Lie Bracket and Cross-Product

[nigelscott]

Homework Statement:

Prove that for a 2 sphere in R R[SUP]3[/SUP] the Lie bracket is the same as to cross product.

Relevant Equations:

Vector: X = (y,-x,0); Y = (0,z-y)

[X,Y] = J[SUB]Y[/SUB]X - J[SUB]X[/SUB]Y where the J's are the Jacobean matrices.

Prove that for a 2 sphere in R³ the Lie bracket is the same as the cross product using the vector: X = (y,-x,0); Y = (0,z-y)

[X,Y] = J_YX - J_XY where the J's are the Jacobean matrices.

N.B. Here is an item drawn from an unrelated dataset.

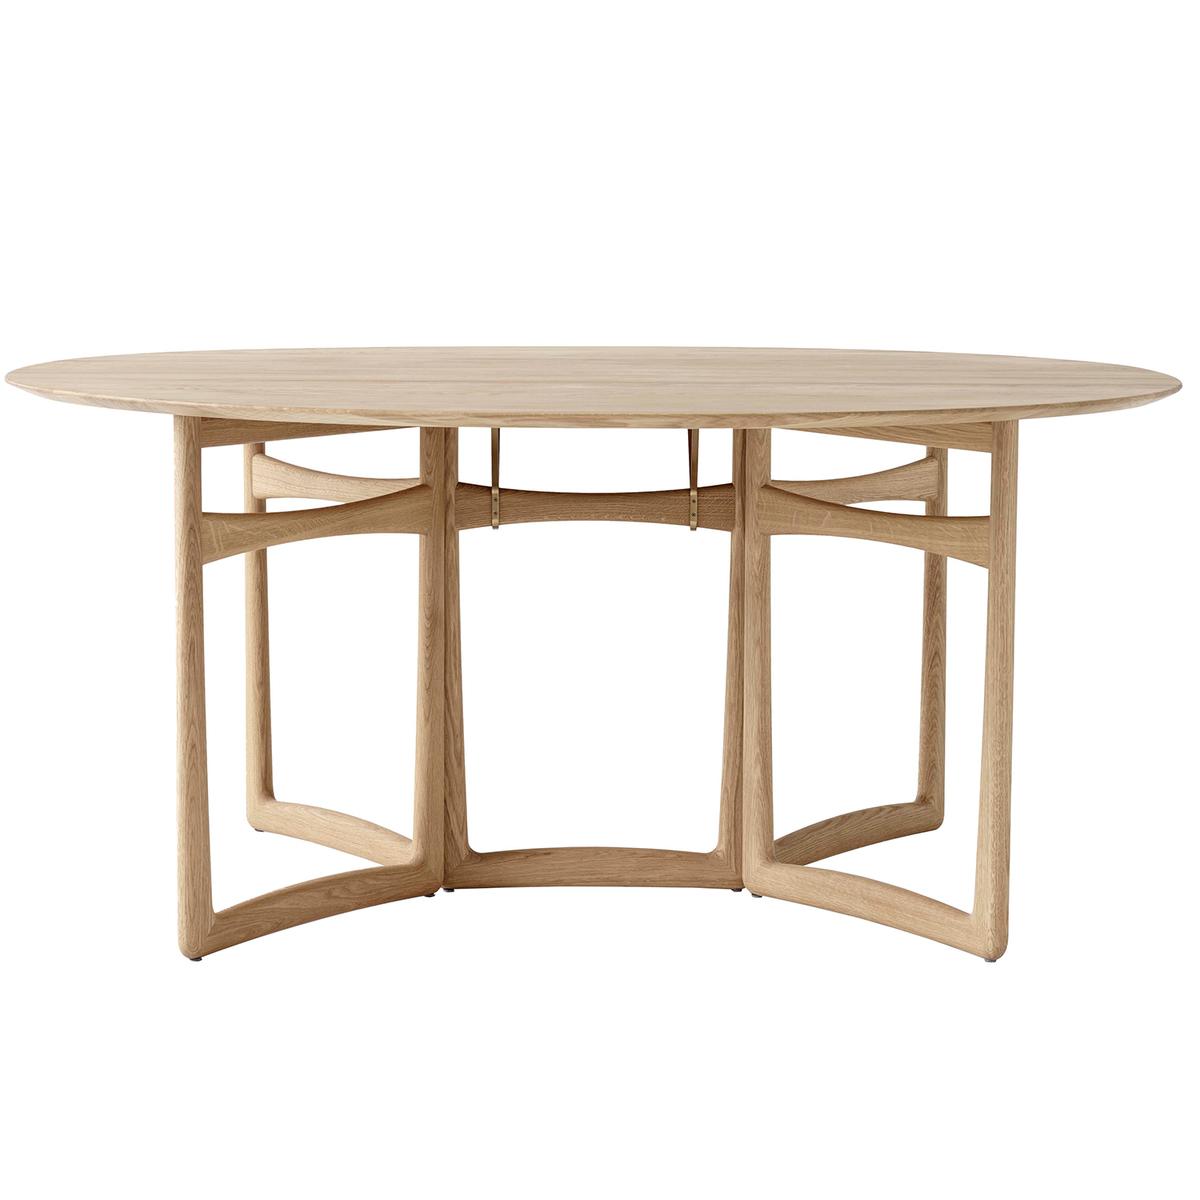 Landscape Lighting Around Pool, Tradition Drop Leaf Hm6 Dining Table White Oiled Oak Finnish Design Shop

I computed J_YX - J_XY to get (-z,0,x). I computed (y,-x,0) ^ (0,z,-y) and obtained (xy,y²,yz) = (z,0,x) using Wolfram but I can't figure out why the sign of the x-component is different. Any help would be appreciated.

 

[fresh_42]

It is a bit confused what you have written there. Jacobi matrix of what? Which transformations of the 2-sphere do you consider?

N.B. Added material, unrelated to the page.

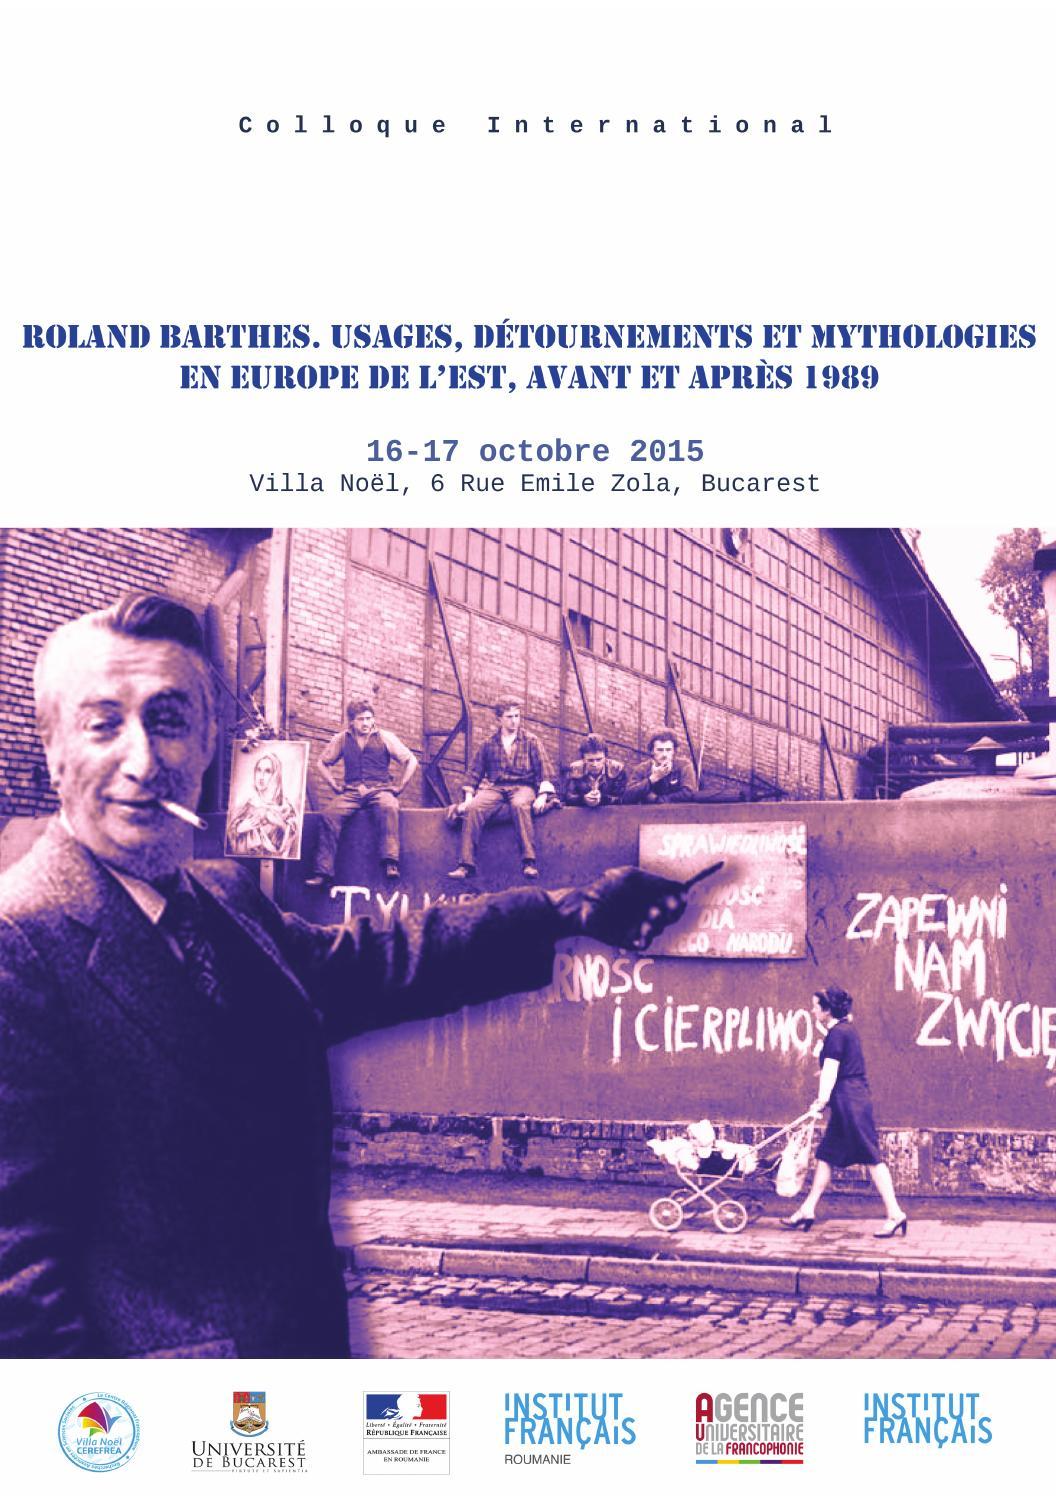 Centenarul roland barthes by institut fran ais issuu - Barthes la chambre claire ...

One way to solve the exercise is:

1. Show that $\{\,(1,0,0),(0,1,0),(0,0,1)\,\}$ with the cross product defines a Lie algebra.
2. There are up to isomorphism only three three dimensional Lie algebras: the Abelian, the Heisenberg algebra and a simple one. As they all have a different product space, the commutator ideal, they can easily be distinguished, and the cross product can only be the simple one.
3. Now which version aka basis of the simple three dimensional Lie algebra you want to compare the cross product with is a matter of taste. You can choose between $\mathfrak{sl}(2,\mathbb{R}), \mathfrak{so}(3,\mathbb{R}), \mathfrak{su}_{\mathbb{R} } (2,\mathbb{C})$.

Hence the answer to your question is: It depends on which isomorphism. i.e. basis you choose.

 

[nigelscott]

Ok. Thanks for your response. The example I am using is from this video here starting at 12 mins and continuing here. Here he talks about tangents to the sphere with the Lie bracket being another tangent to the sphere which is at odds with the cross product which would produce a vector normal to the tangent plane. When I go through the same procedure using the example in https://math.stackexchange.com/questions/1326501/question-about-lie-bracket-and-cross-product I get a consistent result. I wonder if I am confusing vectors with vector fields?

 

[fresh_42]

Any normal vector on a sphere is a tangent vector at a different spot. I'm not sure which Lie group is associated with the cross product, I assume $SO(3)$ fits best. But the sphere itself is two dimensional and corresponds to the quotient group $SO(3)/SO(2)$. Maybe the $3-$sphere $SO(4)/SO(3)$ works one-to-one.

 

[George Jones]

Ok. Thanks for your response. The example I am using is from this video here starting at 12 mins and continuing here. Here he talks about tangents to the sphere with the Lie bracket being another tangent to the sphere which is at odds with the cross product which would produce a vector normal to the tangent plane. When I go through the same procedure using the example in https://math.stackexchange.com/questions/1326501/question-about-lie-bracket-and-cross-product I get a consistent result. I wonder if I am confusing vectors with vector fields?

The YouTube video and the the stackexchange link consider vector fields on different manifolds.

In order to give an illustrative example of the general property that the Lie bracket of any two vector fields on manifold $M$ is itself a vector field on manifold $M$, the lecturer in the YouTube video considers two specific vector fields, $X$ and $Y$, on the specific manifold $S^2$. The lecturer explicitly calculates $\left[ X , Y \right]$, and finds that, as expected, $\left[ X , Y \right]$ is a vector field on $S^2$. As far as I can see, this has nothing to do with the cross product of two vectors.

At the stackexchange link, vector fields on the manifold $\mathbb{R}^3$ are considered. The set of all smooth vector fields forms an infinite-dimensional vector space. The stackexchange link considers a specific 3-dimensional subspace, and relates this 3-dimensional subspace of vector fields on $\mathbb{R}^3$ (not $S^2$) to cross products.

 

[nigelscott]

OK. Thanks to you both. I think I understand it now.